DATASET SECTION:
##############################
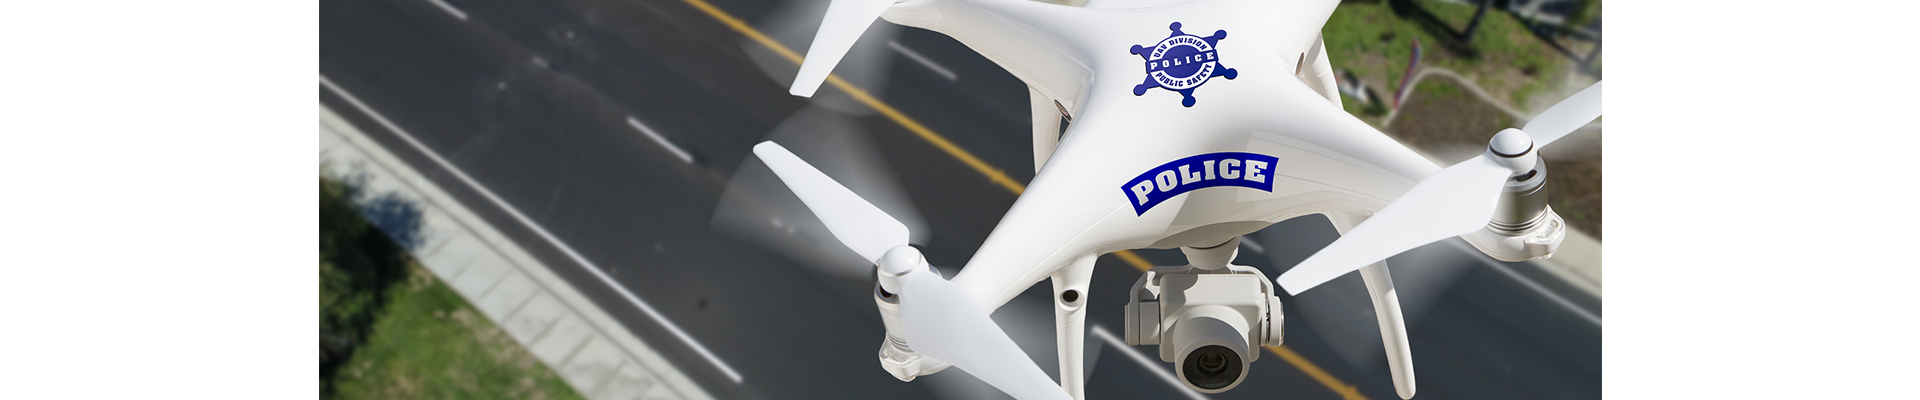 O drona a devenit cheia unei urmariri ale politiei
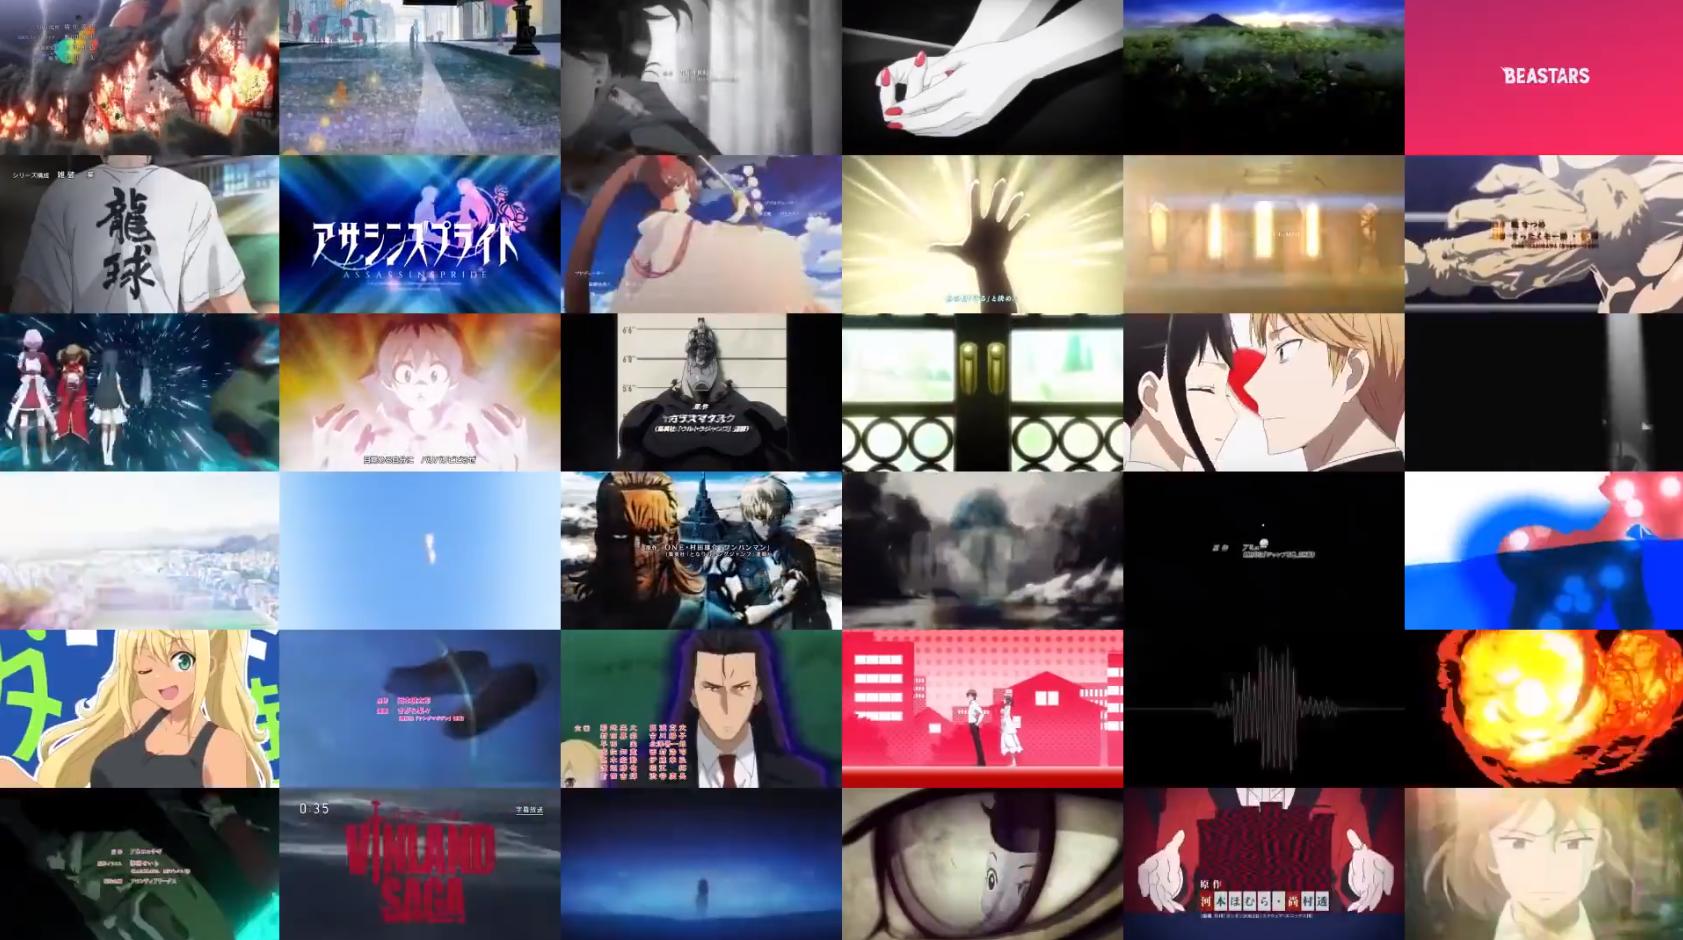 Anime in 2019 2019年的日本动画 gigguk ACG资讯
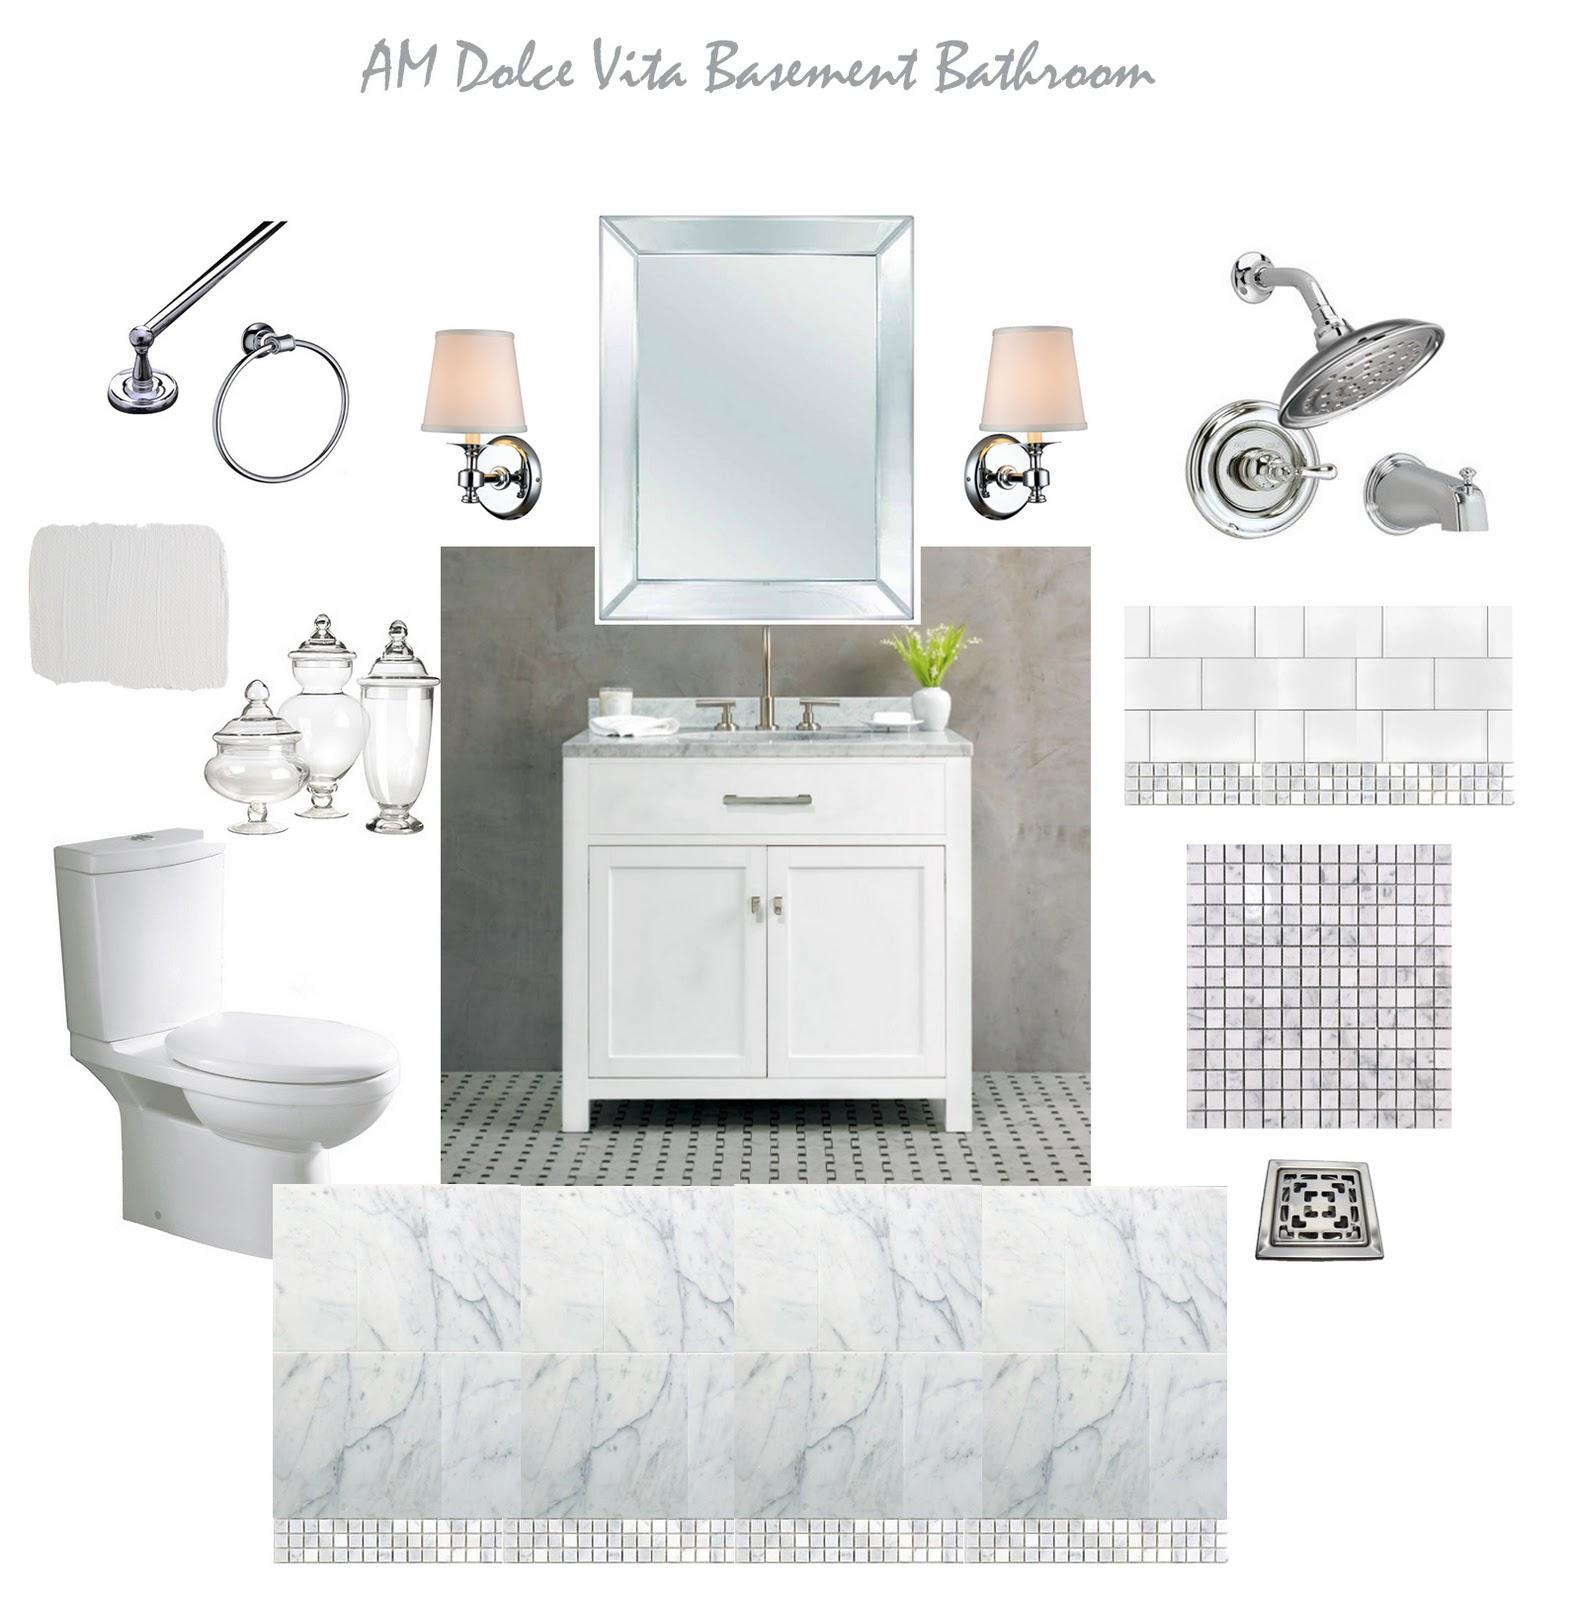 Am dolce vita october 2011 for Bathroom design board
##############################
THE PROBLEM:
Copy the whole listing above word for word but do not carry over the pictures.

FINISHED TASK:
 O drona a devenit cheia unei urmariri ale politiei
 Anime in 2019 2019年的日本动画 gigguk ACG资讯
 Am dolce vita october 2011 for Bathroom design board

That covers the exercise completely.